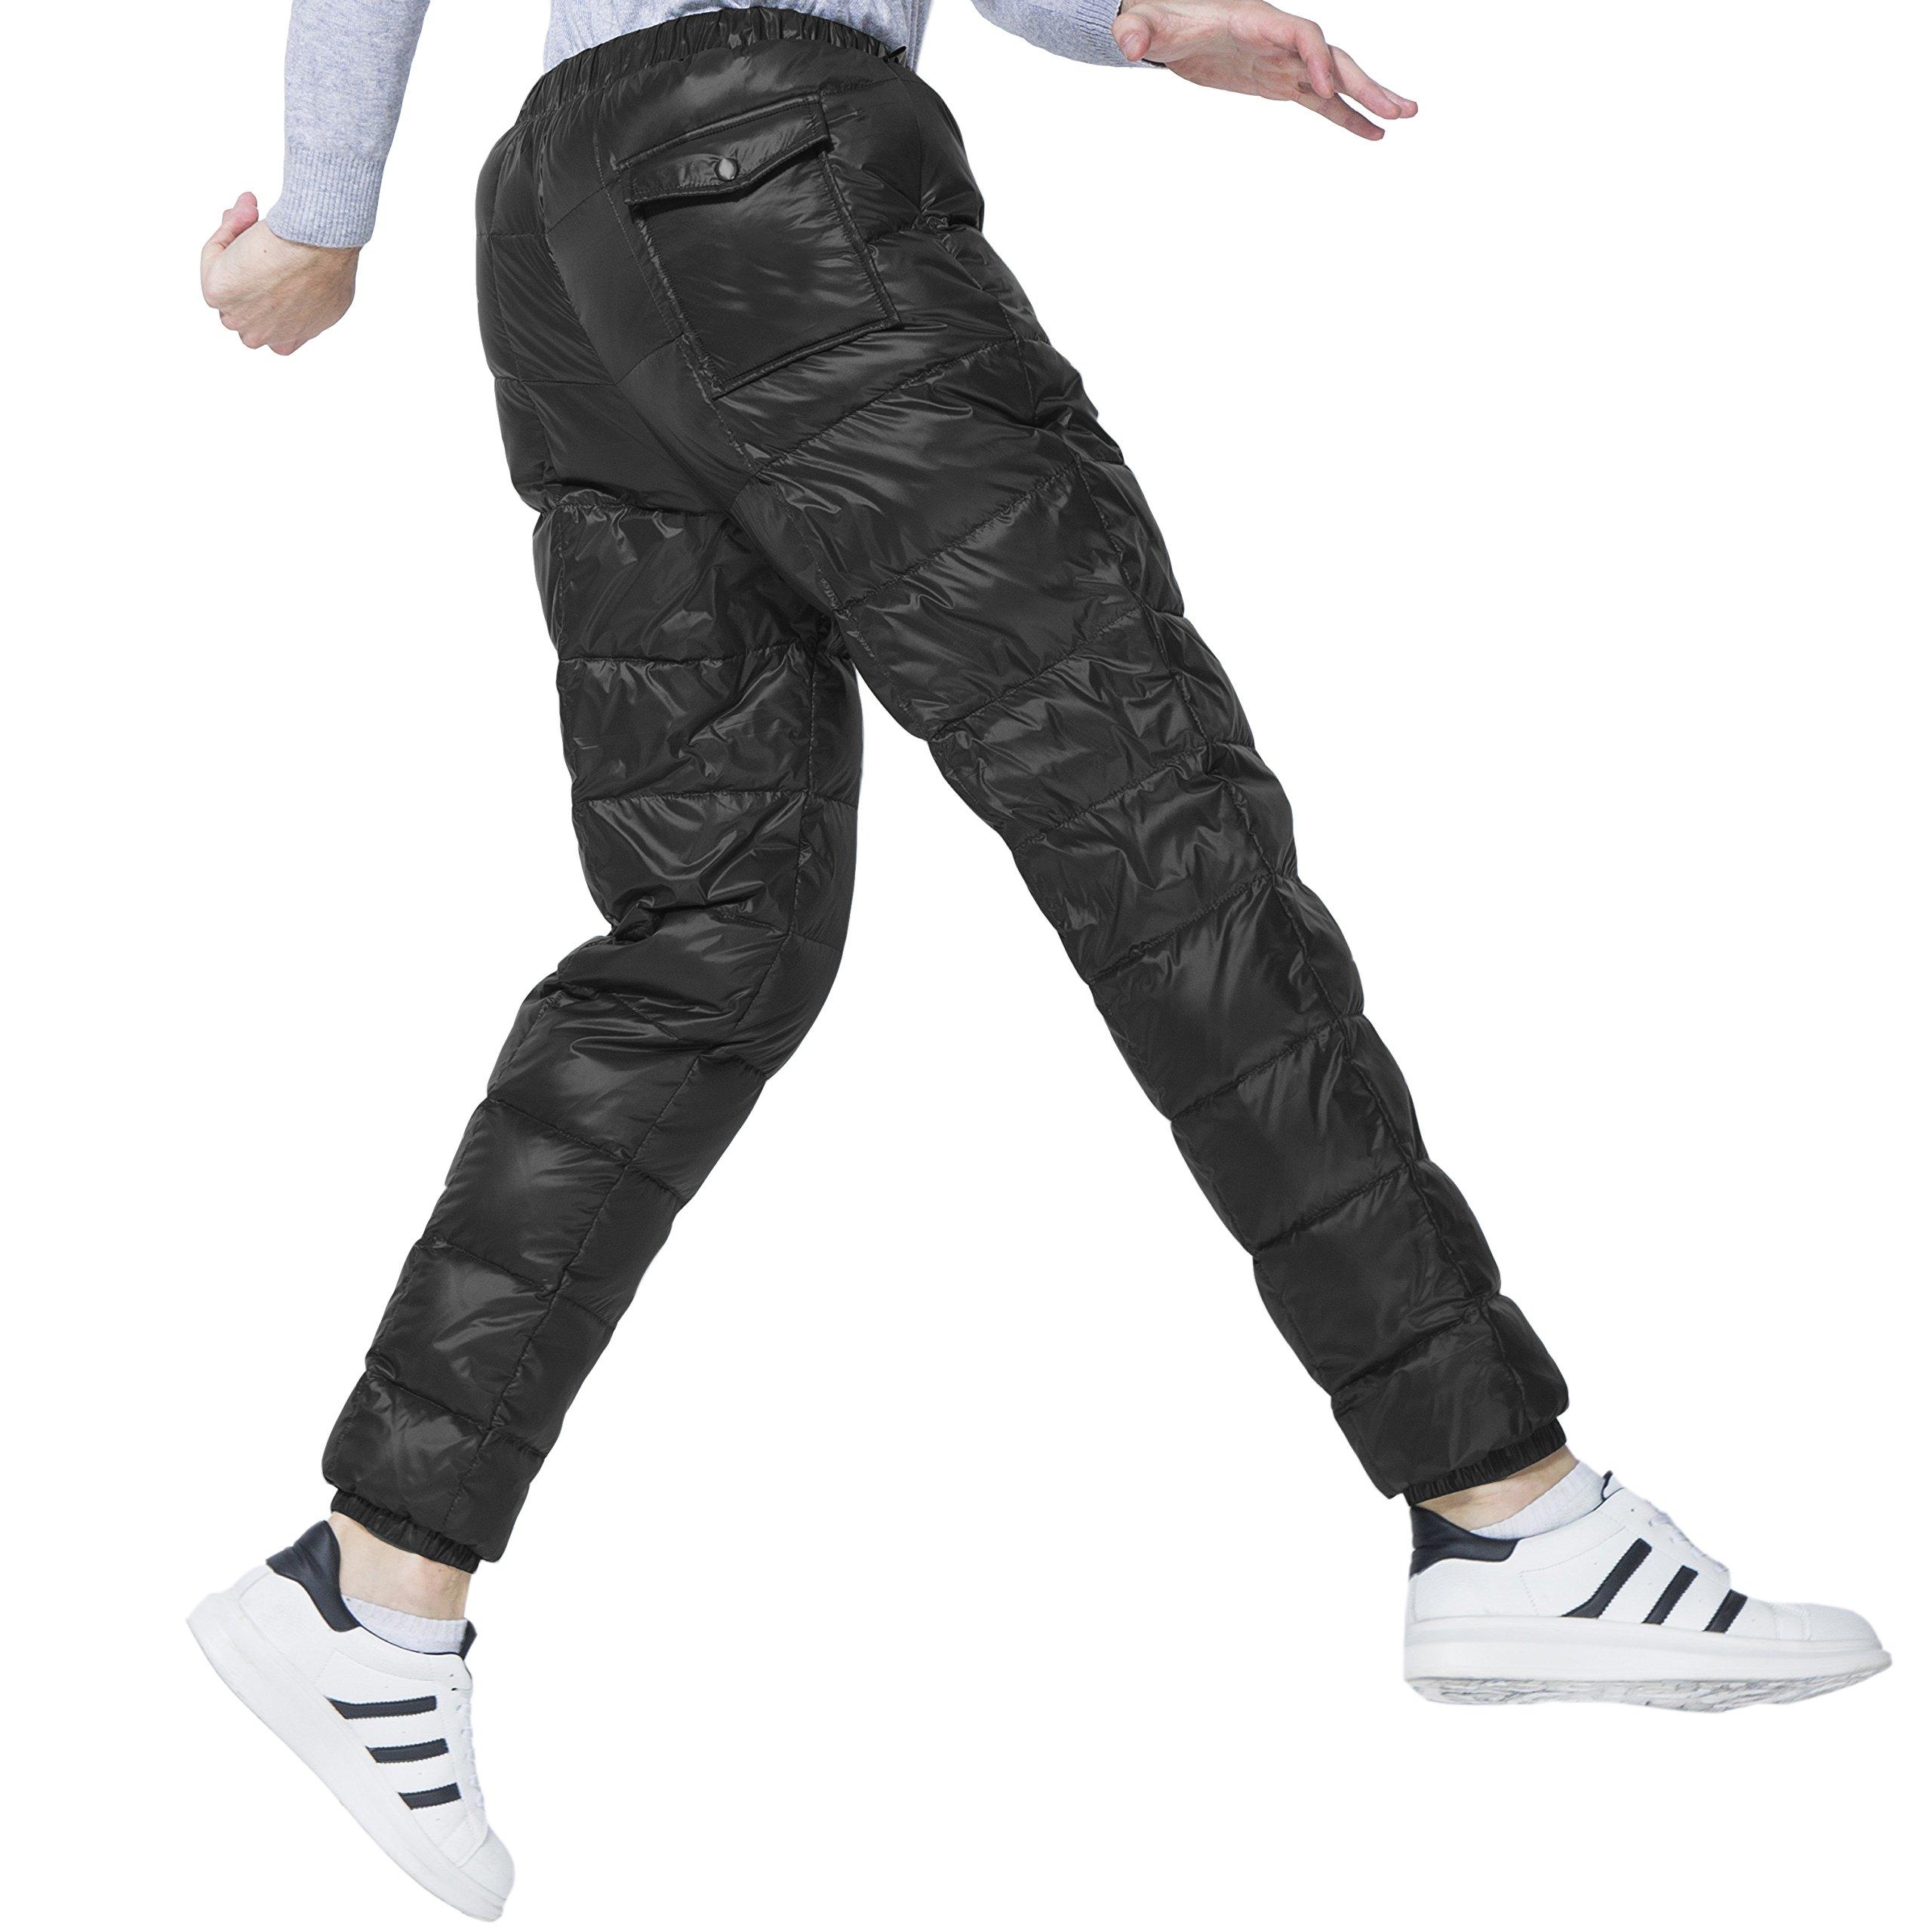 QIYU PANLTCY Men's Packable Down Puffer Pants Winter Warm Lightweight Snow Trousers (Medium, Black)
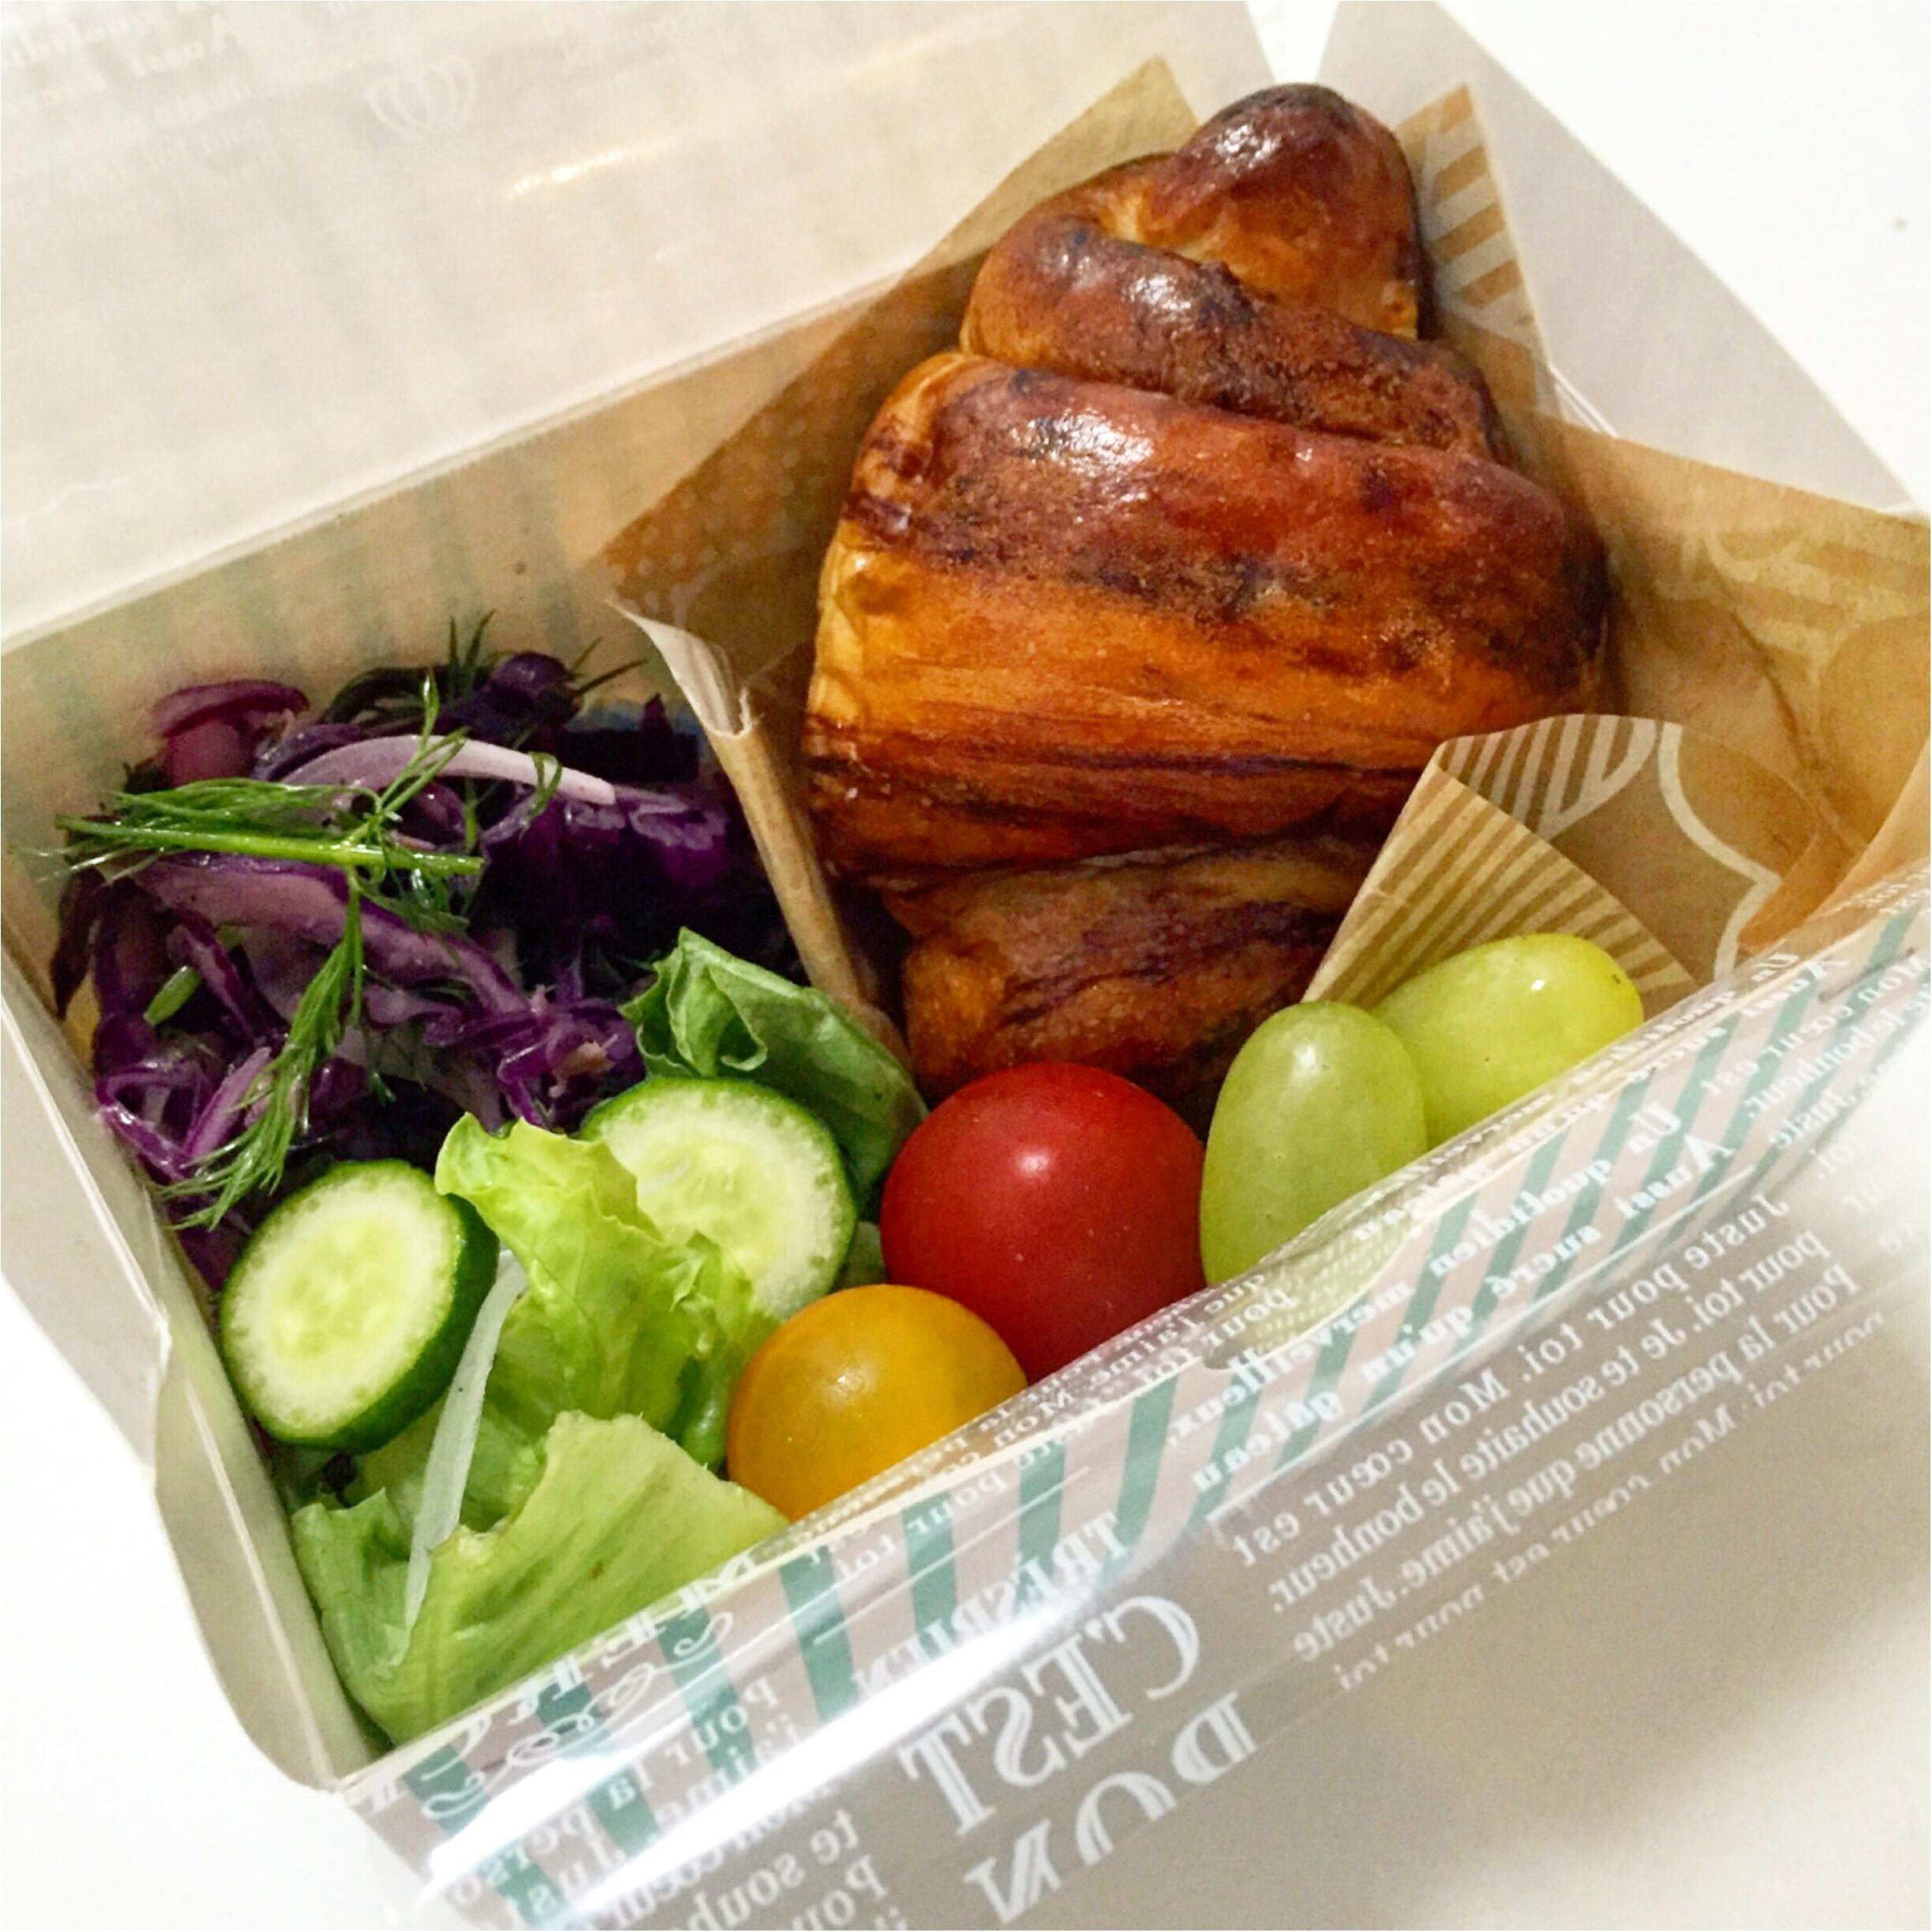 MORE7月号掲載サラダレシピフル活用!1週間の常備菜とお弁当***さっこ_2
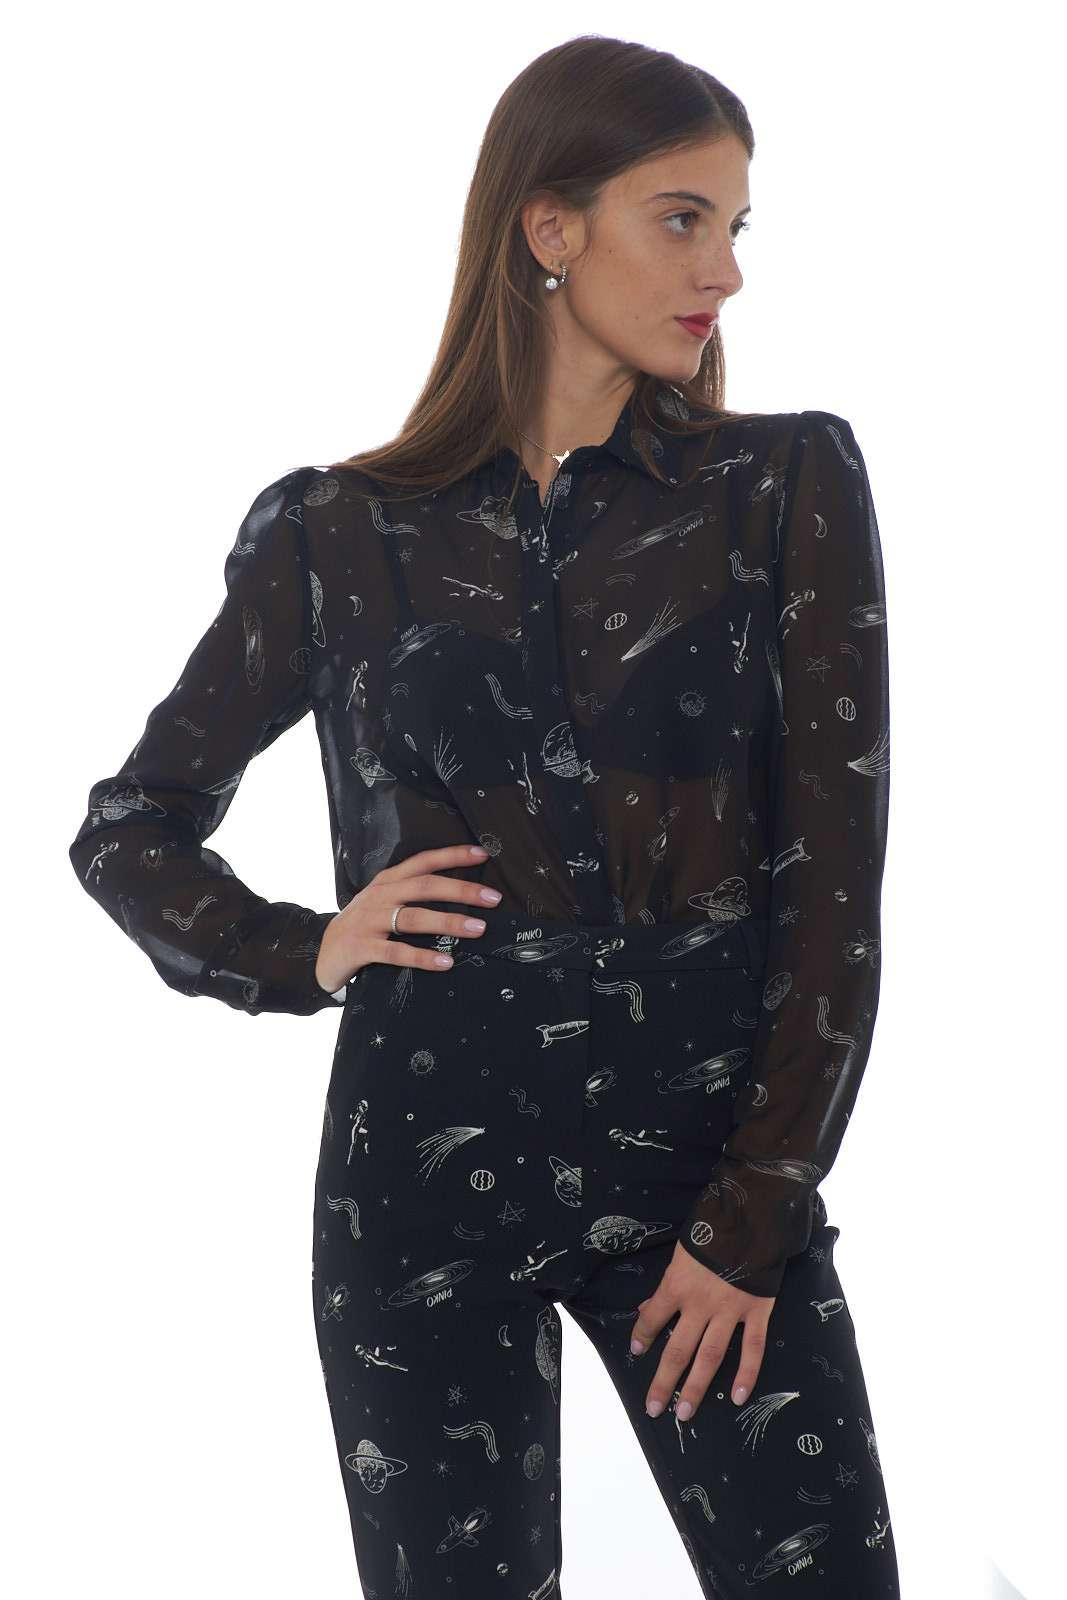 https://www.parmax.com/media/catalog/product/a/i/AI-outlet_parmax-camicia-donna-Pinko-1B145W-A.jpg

What you have to do: Return the listing above in an exact copy that leaves out the images.

Problem solution:
 QIYU PANLTCY Men's Packable Down Puffer Pants Winter Warm Lightweight Snow Trousers (Medium, Black)
 MORE7月号掲載サラダレシピフル活用!1週間の常備菜とお弁当***さっこ_2
 https://www.parmax.com/media/catalog/product/a/i/AI-outlet_parmax-camicia-donna-Pinko-1B145W-A.jpg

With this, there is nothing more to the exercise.